--- Record set ---
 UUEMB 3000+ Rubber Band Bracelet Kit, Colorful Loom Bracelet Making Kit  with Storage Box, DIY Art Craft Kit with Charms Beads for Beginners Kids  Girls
---
--- Record set ---
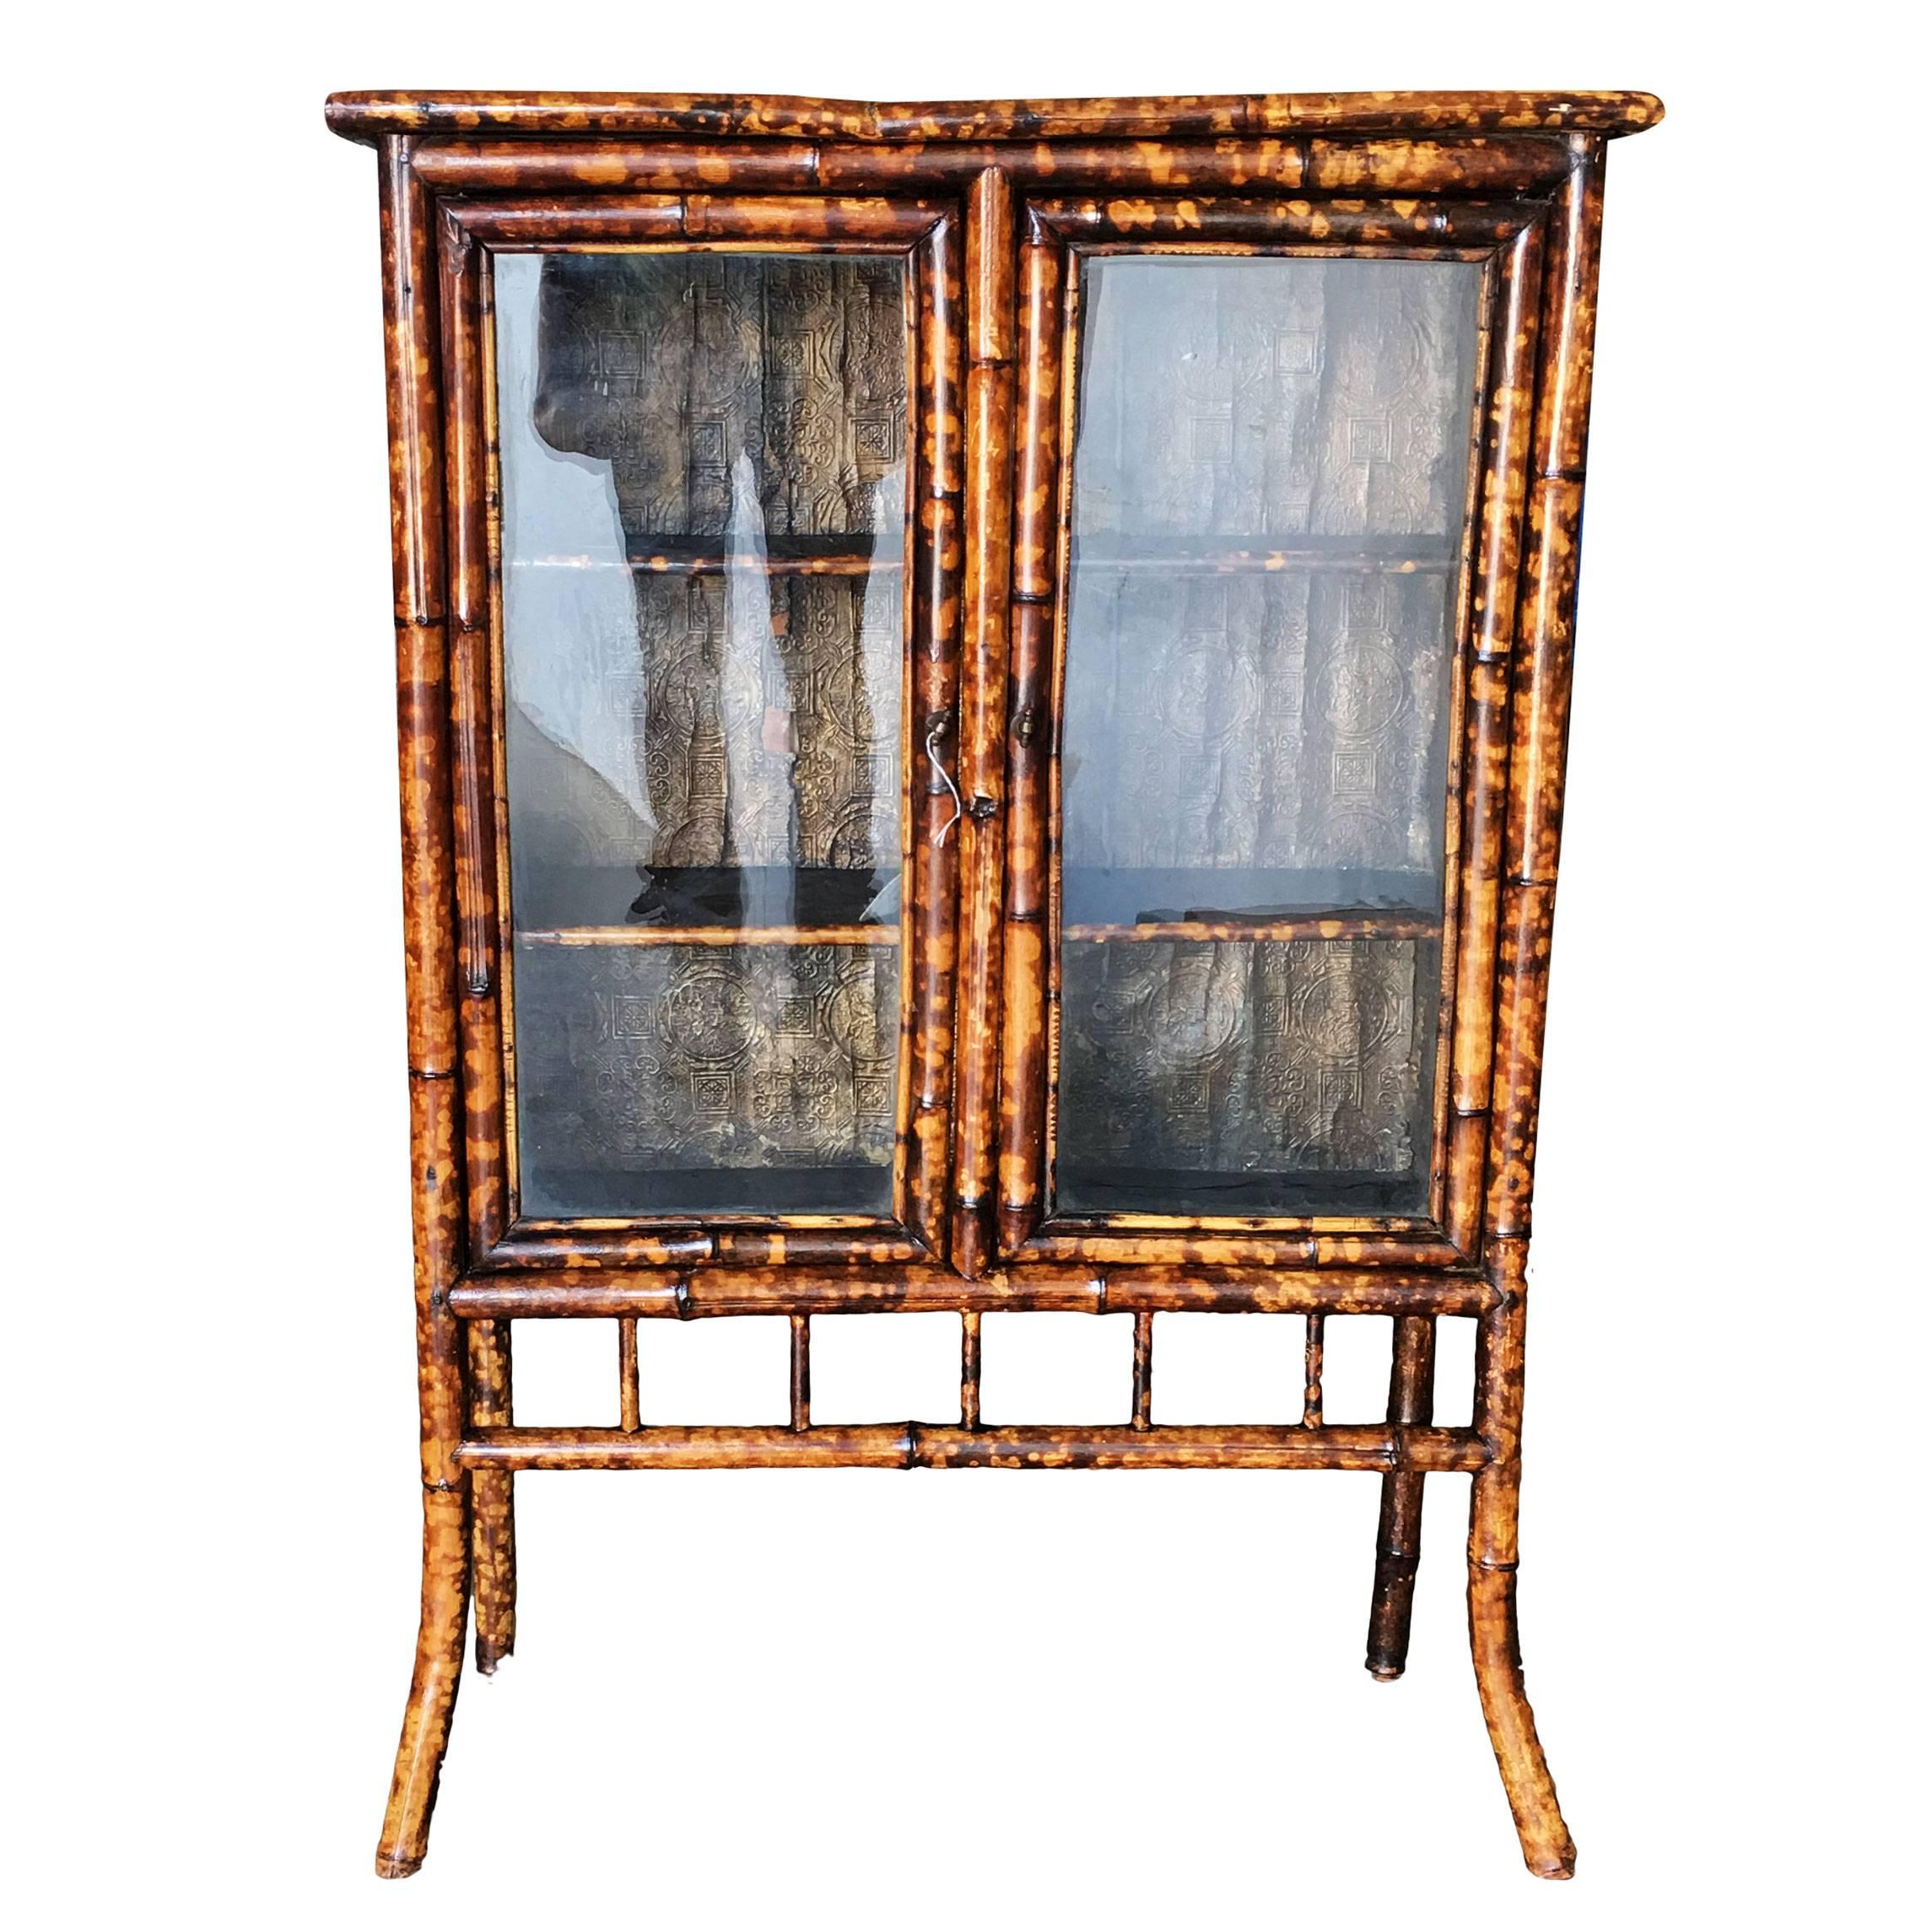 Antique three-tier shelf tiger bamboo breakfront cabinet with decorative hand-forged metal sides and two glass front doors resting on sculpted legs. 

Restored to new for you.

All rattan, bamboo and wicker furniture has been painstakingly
---
## Prompt
Using the data above, transcribe the lines that run from the line with "Restored to new for you." to the line with "All rattan, bamboo", both ends kept, and output nothing else.

## Your response
Restored to new for you.

All rattan, bamboo and wicker furniture has been painstakingly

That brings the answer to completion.